The historian is a B.A. (history) from Delhi University, an M.A. (history) from JNU, and a Ph.D. (history) from the University of Pennsylvania. He is the author quite a few books like Bonded Histories: Genealogies of Labor Servitude in Colonial India (1990), Another Reason: Science and the Imagination of Modern India (1999), Worlds Together: Worlds Apart: A History of the Modern World, 1300 to the Present (2002), etc.

One of his recently published books, Mumbai Fables has been made into a major Bollywood motion picture named bombay Velvet. The book is a detailed description of the history of the city and its rise as a metropolis. Here is a sneak peak into the mind of the eminent historian as he speaks on the book, his love for history, and more:

Que: Your new book Mumbai Fables explores and depicts Mumbai city and its rich history with excruciating detail. Why did you decide to make Mumbai as the centre of your next book? Why not any other city?
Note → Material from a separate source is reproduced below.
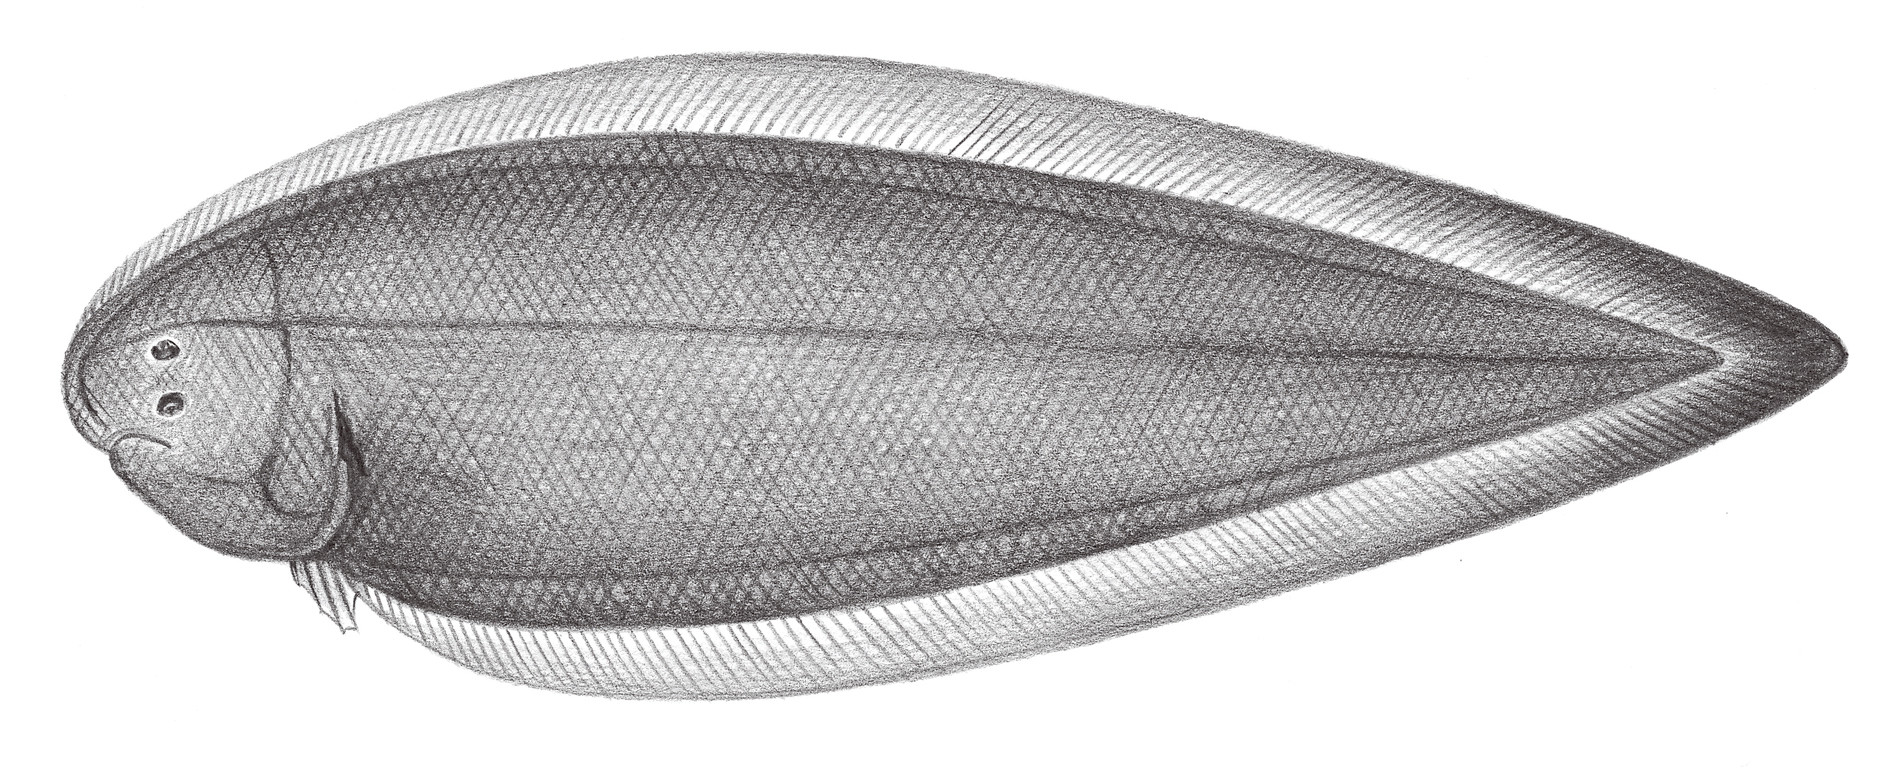 2453.	短舌鰨 Cynoglossus abbreviatus (Gray, 1835)

Gyan Prakash: I was fascinated with Mumbai, or Bombay as it was then known, since my childhood. I grew up in Patna, where our home used to subscribe to the tabloid Blitz, and the magazine Illustrated Weekly. We saw Hindi films regularly. From all these, Bombay appeared not just as a city, but as a legend, a myth, an idea. It seemed like a magical place. Others had their New York, Paris, and London. Bombay was out shining metropolis. No other city in India had quite the same image. Bombay seemed to be the classic modern city. This childhood remained on my mind as I grew up. After finishing my last book, I decided in 2000 to come to Mumbai, I spent three months then, walking the city and talking to people. Usually, when you visit the actual place, the image you are carrying in your head crashes. In my case, those three months made the image more compelling, the myth became richer. I am a historian. So I decided to dig, to excavate what lies behind the city’s image, what are the back stories behind Mumbai’s representation as a city of opportunity and dreams.


Mumbai Fables Book
Que: How did you research for the book?

Gyan Prakash: For the next eight years, I regularly spent at least three to four months every year in Mumbai. Here, I would meet and talk to people, use the Maharashtra State Archives, hunt for materials in libraries and in private collections. Sadly, archival materials and other sources on Mumbai are not preserved in the city. For example, I failed to find a continuous run of the tabloid Blitz in Mumbai. So, I conducted research in the British Library, London, and utilized archives and libraries in the United States, where I found microfilms of newspapers and other materials that were not accessible in Mumbai.

Que: What is it about History that fascinates you? How did this fascination develop?


Gyan Prakash: Initially, I became interested in history because the past fascinated me - how governments ruled, how people lived and loved, what they cared for, what objects they produced, etc. But the more I dealt with the objects from the past, the more interested I became in asking what is the process by which something is declared as over and done with, as history. To me, artifacts from the past - documents, images, material objects, built forms, institutions, etc. - not only tell us about the time gone by, but also contain traces of processes and forces that rendered them as history. So, for example, when I look at the Mumbai tabloids from the 1960s and things that they wrote about, they also tell me about how they were discarded as remainders of the past. In this sense, the past is also about the present; it is about how the present comes into existence by discarding something as history.


Que: How does it feel about Mumbai Fables adapted as a Bollywood movie? Have you seen Bombay Velvet? If yes, do you think it's does justice to the book?

Gyan Prakash: I have seen the film, four times already! I love the film. Since the film is not a documentary, it fictionalizes the historical events and transformations presented in the book and shows them in terms of the everyday lives of certain protagonists. And I think it does a good job of it. The film is also a stylized representation of history, so obviously it would be silly to look for one to one correspondence between fiction and reality. But I am very happy about the film.

Que: What is your next project? Tell us something about it?

Gyan Prakash: I am now working on a book on the Emergency. This was a momentous and turning point in the country, but curiously there is no history written on it. For the past few years I have been researching the subject and I expect to publish a book on it by the end of 2016.